« Des criminels sans scrupule qui exploitent la vulnérabilité », estime la préfecture

Gabriel Morin, directeur de cabinet du préfet de Bretagne, chargé notamment des questions de sécurité : « L’Éducation nationale est très attentive à la problématique des mineurs qui tombent dans le trafic. Nous conduisons, avec les forces de sécurité, des opérations aux abords et parfois dans les établissements scolaires, qui sont assez frappantes pour les enfants. Il s’agit de montrer qu’on est là et qu’un collège, ce n’est pas le Far West. Il y a évidemment une réponse sociale à apporter. Certains mineurs peuvent relever de la protection de l’enfance ou plutôt du judiciaire. Il s’agit de vérifier si des mesures sont nécessaires pour que ces enfants retrouvent un cadre d’éducation normal. Leur place est à l’école ou dans des structures d’accompagnement. Pas dans la rue, à faire les guetteurs pour des criminels sans scrupule qui exploitent leur vulnérabilité. L’emploi d’enfants sur les points de deal rend ce trafic encore plus abject ».

« Certaines méthodes de Rennes commencent à s’exporter ailleurs », s’alarme Alliance

Julien Le Cam, référent Bretagne du syndicat Alliance : « Les dealers préfèrent mettre des très jeunes car c’est une main-d’œuvre qui coûte moins cher. Et la justice ne peut pas les poursuivre. Pour le moment, ces pratiques extrêmes de recrutement d’enfants sont réservées à Rennes, qui reste la ville la plus délicate en Bretagne en matière de stupéfiants. L’inquiétude, c’est que cela se généralise car il y a toujours un décalage. On voit que certaines méthodes, qu’on pensait cantonnées à Rennes, commencent déjà à s’exporter ailleurs dans la région. On a vu, par exemple, des tirs à Quimper et Morlaix, où c’était impossible d’imaginer cela il y a encore quelques mois. L’utilisation des armes se répand. Et le problème, c’est que l’État n’anticipe pas. Le trafic de stupéfiants est en train de changer la face de toute la délinquance. Les commissariats bretons sont calibrés sur celle des années 90 ».

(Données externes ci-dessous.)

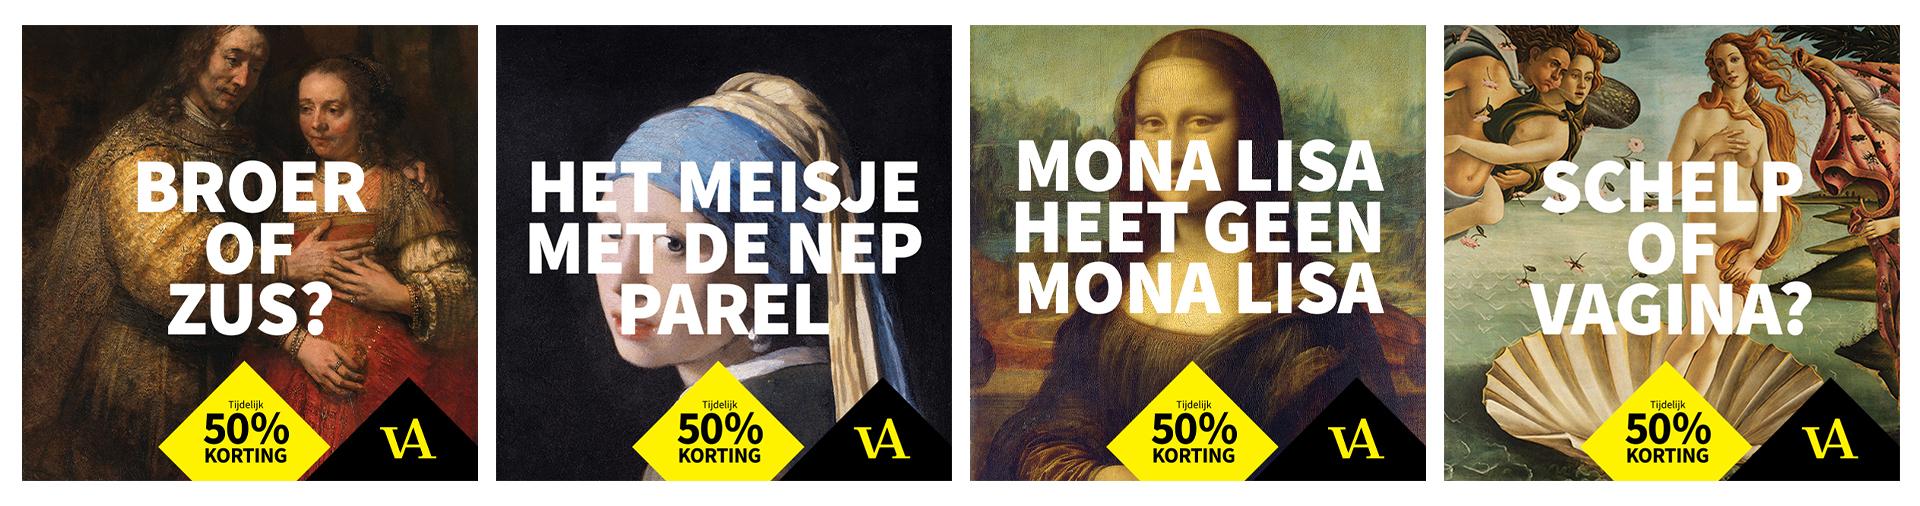 Mona_lisa_amsterdam_groot

« Certaines mères seules n’ont pas le temps de s’occuper de leur enfant », pointe SGP-Police

David Leveau, secrétaire régional de SGP-Police : « L’emploi de guetteurs dès 13-14 ans est monnaie courante même si le recrutement des très jeunes semble, pour le moment, circonscrit à Rennes. Mais je crains aussi que cela arrive ailleurs en Bretagne. Il y a clairement un problème dans l’éducation des enfants. On a des familles débordées, qui ne savent plus quoi faire de leur gamin. Certaines mères les élèvent seules, ont un ou deux emplois pour pouvoir vivre et n’ont pas le temps de s’en occuper. C’est une problématique que l’on observe sur l’ensemble du territoire. Et si on ne travaille pas là-dessus, on n’y arrivera pas. D’autant qu’on voit ces vidéos de dealers qui se multiplient sur les réseaux sociaux qui ont pour but d’attirer, de montrer qu’il n’y a rien à craindre de la justice, en empruntant les codes des clips de rap. Ils occultent tout le côté négatif et le risque de le payer de sa vie. La police arrive en bout de la chaîne, quand c’est trop tard ».